Сережа, не глядя на любимую игрушку, зашагал к будке. Лайка потрусила за ним. Черный дятел перестал потрошить сосну и внимательно посмотрел им вслед. Затем поднялся повыше, прицелился и с маху всадил клюв в дерево.

Мать лежала на неразобранной кровати, отвернувшись к стене. Колени подтянуты к животу. Один резиновый сапог валяется на полу, второй, наполовину стащенный, на ноге. Она очень аккуратная и никогда не ложилась на застеленную белым покрывалом постель нераздетая, да еще в сапогах. Что-то случилось с матерью.

Сережа осторожно стащил с нее сапог, посмотрел на ходики, негромко тикающие на стене, и зашевелил губами, высчитывая, который час. Маленькая стрелка немного не доходила до цифры пять, а большая приближалась к десяти. Скоро пять часов. Без десяти пять... Сережа вдруг услышал негромкое стрекотание селектора, стоявшего на столе в углу. Обычно мать сразу подходила к аппарату, что-то переключала и Отвечала дежурному но станции. Сейчас она даже не пошевелилась. Озираясь на трещавший селектор, Сережа потянул ее за руку:

— Мам, звонит. Слышишь, тебя вызывают!

Мать застонала и чуть повернула к нему лицо. Глаза полуприкрыты, лоб бледный с крупными каплями пота, а щеки горят. Длинные черные волосы разметались по подушке, одна рука крепко обхватила живот. По горящим щекам ее текли слезы и сразу высыхали, она невнятно бормотала: «Ваня, Ваня...» Селектор замолчал. Во дворе прокукарекал петух. В окно негромко ударился жук.
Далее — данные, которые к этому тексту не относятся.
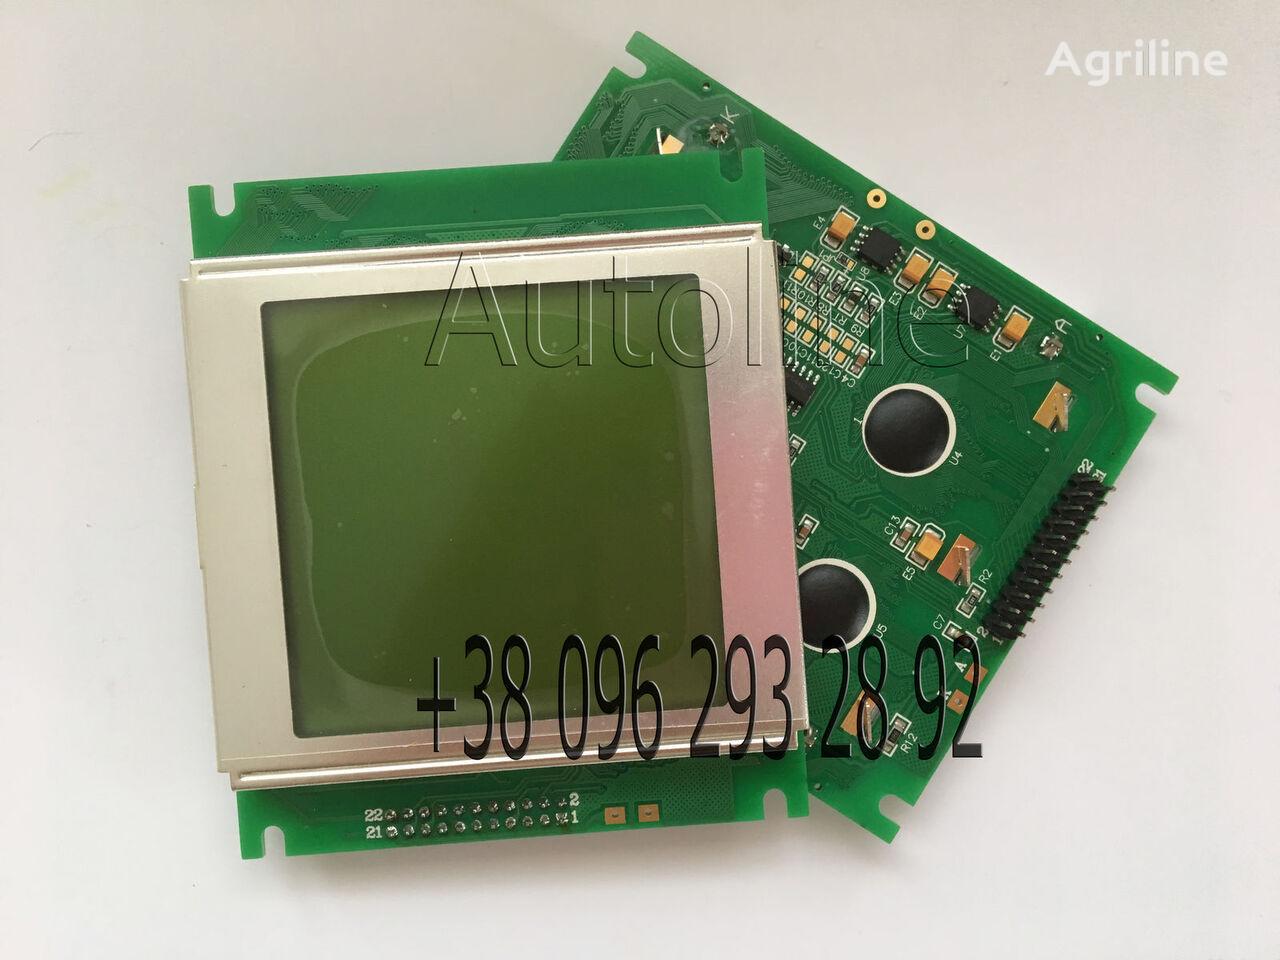 new Ekran dlya SM300, SM400, Challenger 8186 monitor for MASSEY FERGUSON MF-555 seeder

— Тут никого нет, — пугаясь, тормошил мать Сережа. — Я тут один... — Он знал, про кого она бормочет: про погибшего отца. Эту историю, как он попал под поезд, Сережа несколько раз слышал и от матери и от бабушки. Но сейчас мать говорила не ему. Ее глаза были открыты, но ничего не видели. Она разговаривала сама с собой... И от этого Сереже стало еще страшнее.

На столе снова затрещал селектор, замигала зеленая лампочка.

Еще раз взглянув на часы, он вдруг сообразил, что скоро пройдет пассажирский... Через пять минут! А мама лежит на кровати и не думает вставать. Сережа вспомнил, что она всегда выходила с флажком к пассажирскому. Потому и селектор трещит, предупреждает — поезд уже вышел со станции.

— Пассажирский идет! — закричал Сережа. — Вставай, мама! Надо на пост. Вставай же!

Он чуть не плакал. Мама умолкла, однако запекшиеся губы ее продолжали шевелиться. Глаза закрылись. Внезапно лицо ее исказилось, вырвался глубокий раздирающий душу стон. Сережа сорвался с места, ногой распахнул дверь в сени, схватил ковшик, стуча им о края цинкового ведра, зачерпнул воды и, расплескивая, принес матери. Он лил ей в крепко сжатый рот холодную воду, и слезы струились по его лицу. Он знал, что матери очень плохо, и ничем не мог помочь.